* INFORMATION SUPPLIED
○ ○ ○ ○ ○ ○ ○

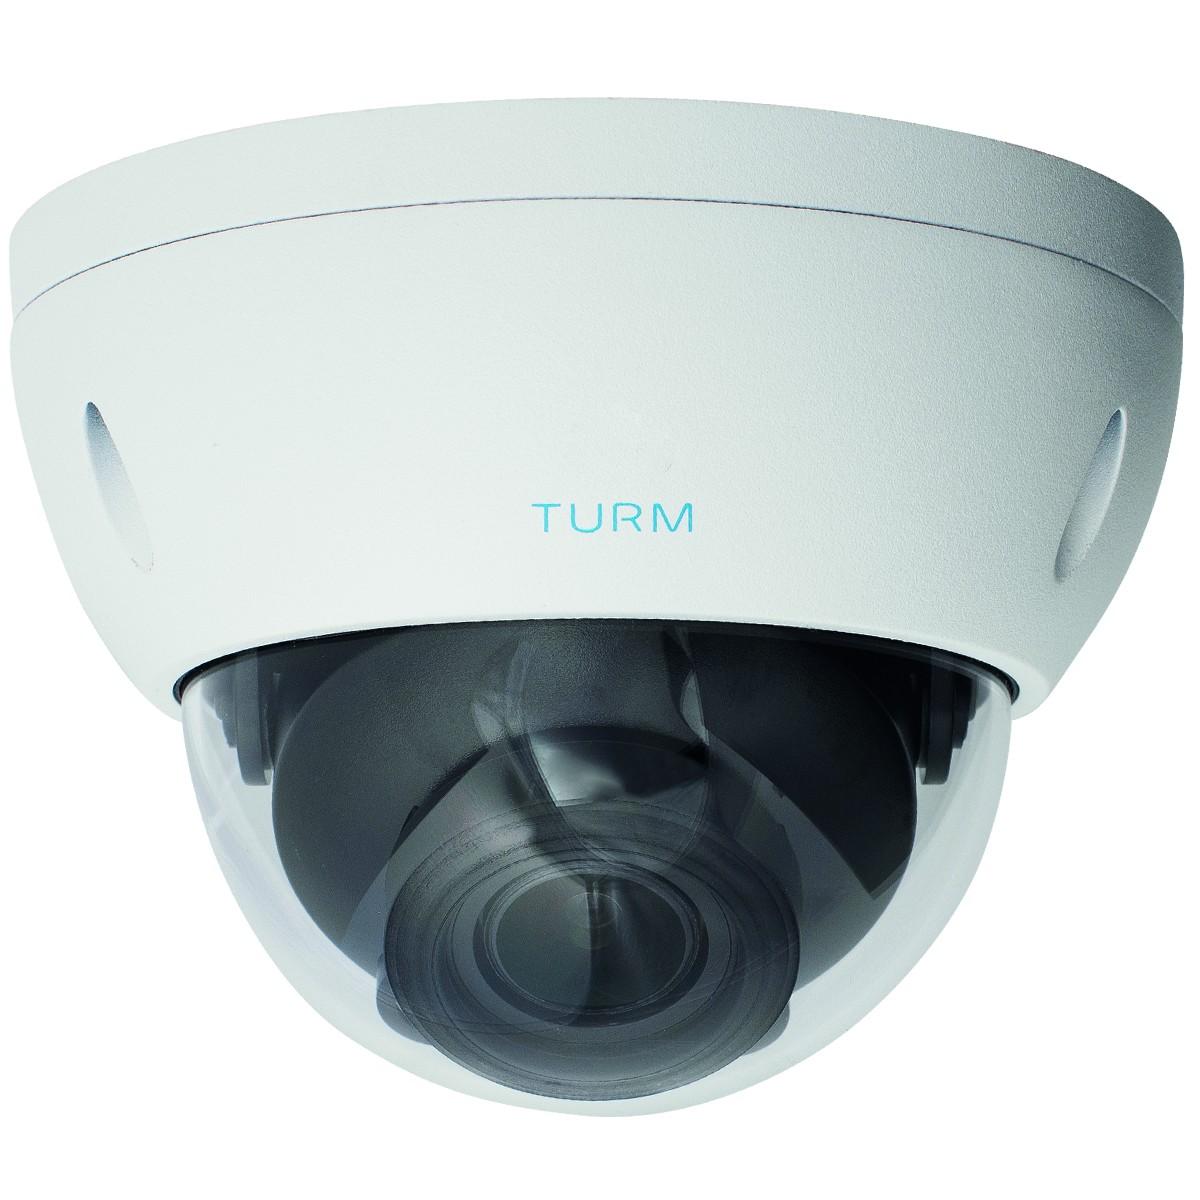 TURM IP Professional 4 MP Dome Kamera mit 40m Nachtsicht und 2.7-13.5 mm Motorzoom
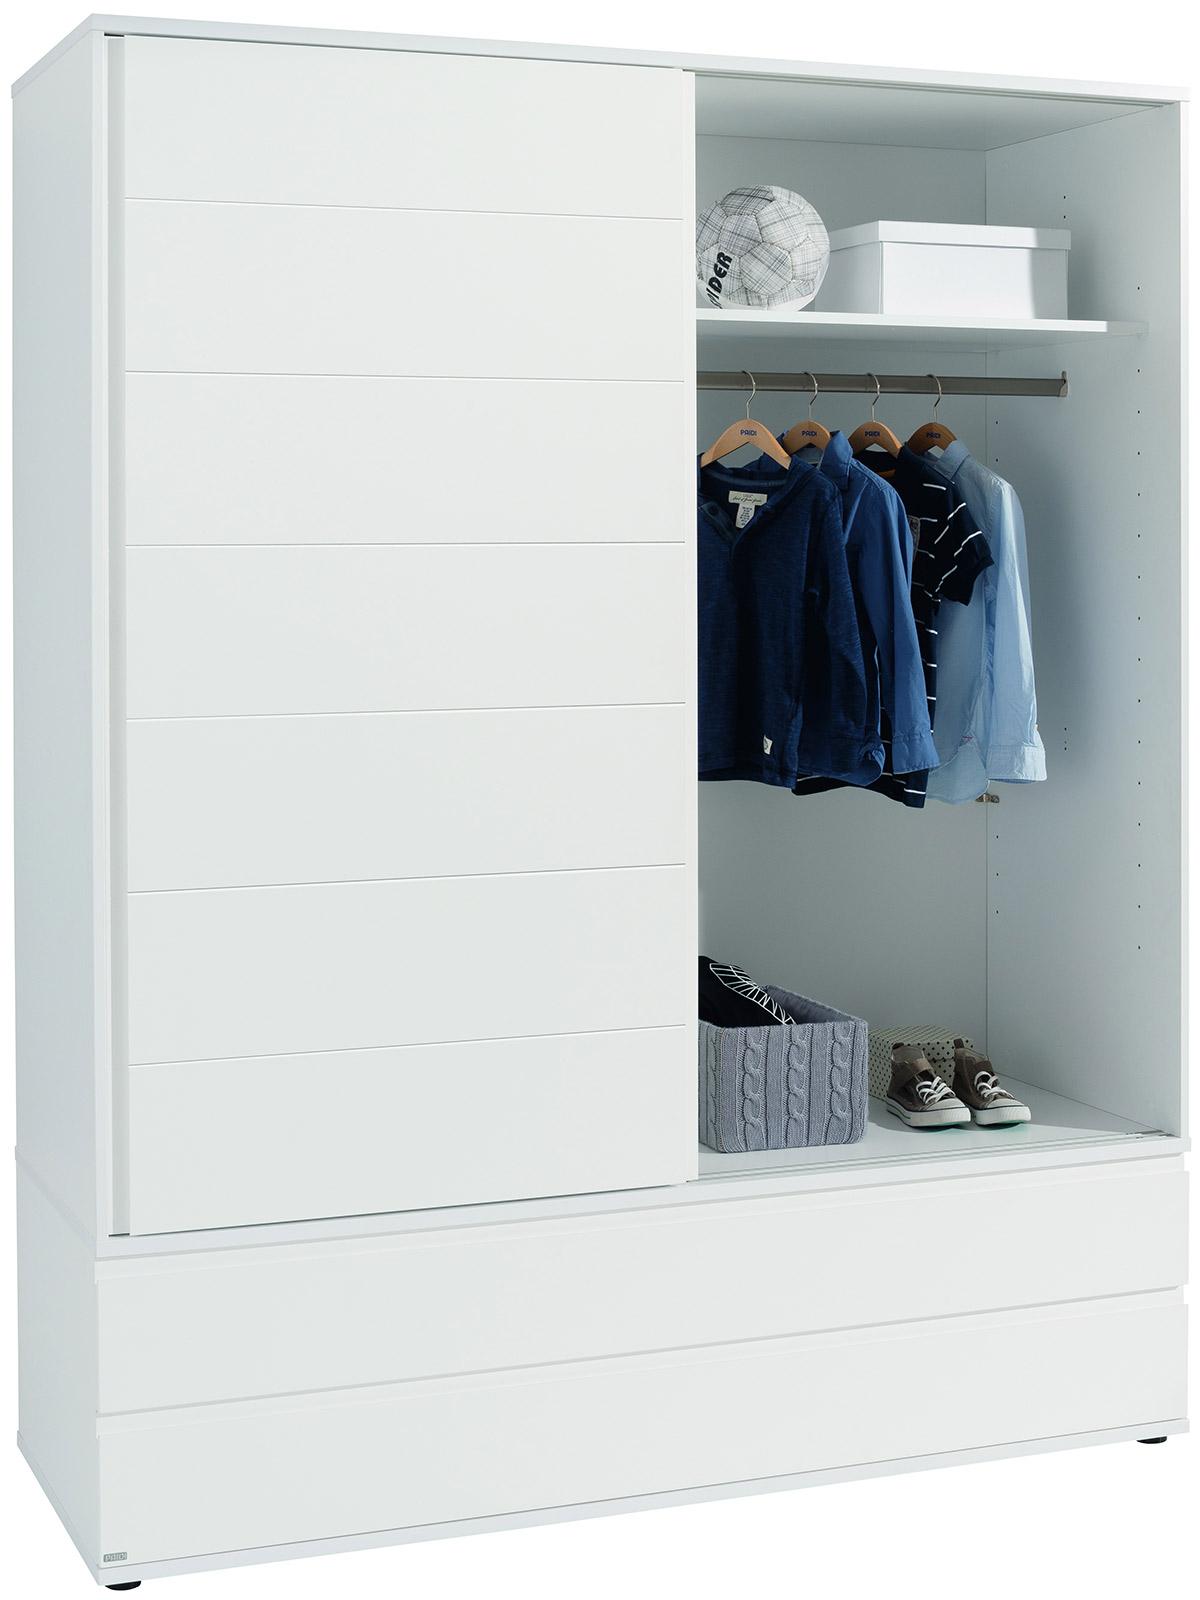 Белый шкаф-купе с ящиками внизу Paidi Fiona
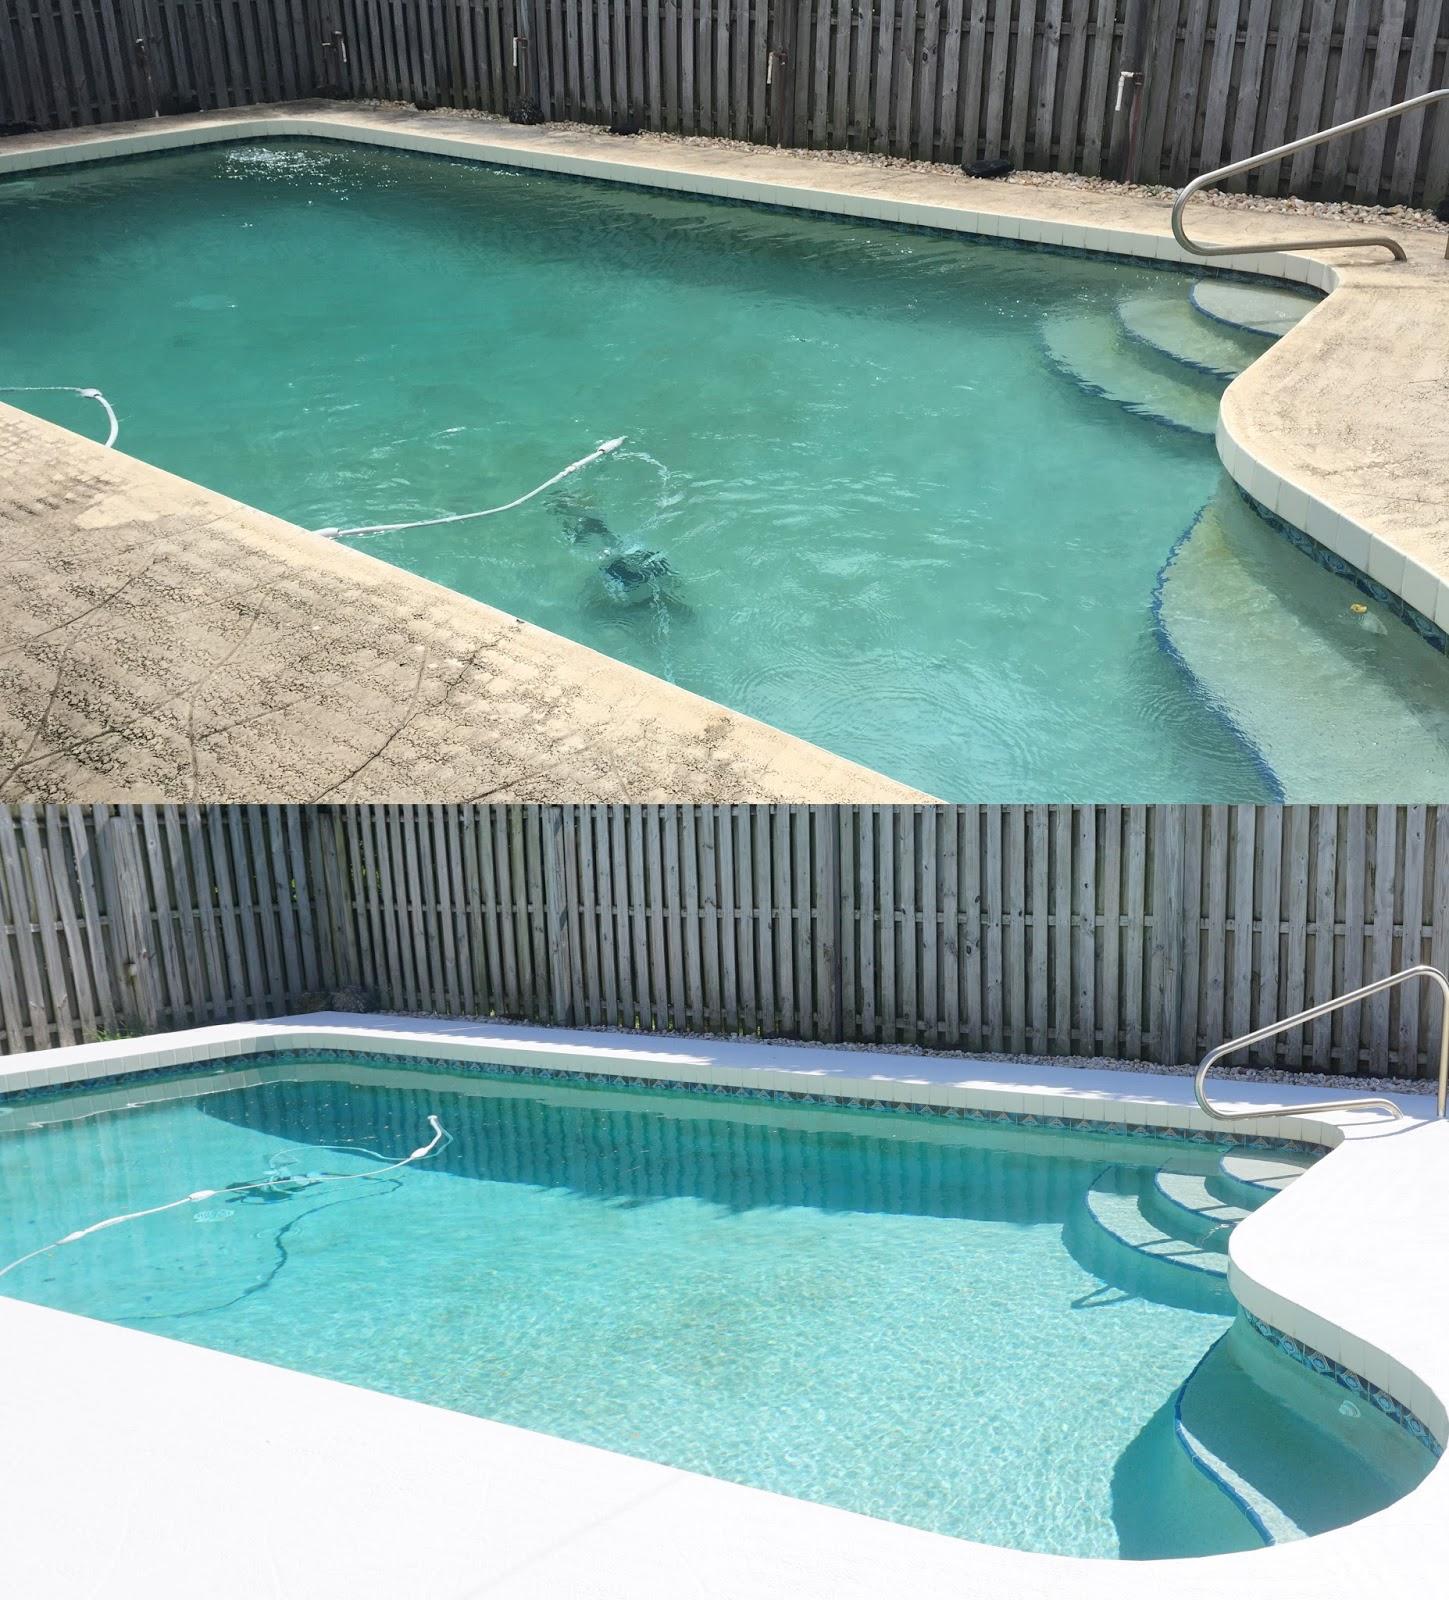 Lorraine Stanick How To Improve Pool Deck Behr

○ ○ ○ ○ ○ ○ ○

* WHAT YOU SHOULD DO
Only the pictures stay out; everything else in the listing above must be repeated exactly.

* EXERCISE ANSWER
 TURM IP Professional 4 MP Dome Kamera mit 40m Nachtsicht und 2.7-13.5 mm Motorzoom
 Белый шкаф-купе с ящиками внизу Paidi Fiona
 Lorraine Stanick How To Improve Pool Deck Behr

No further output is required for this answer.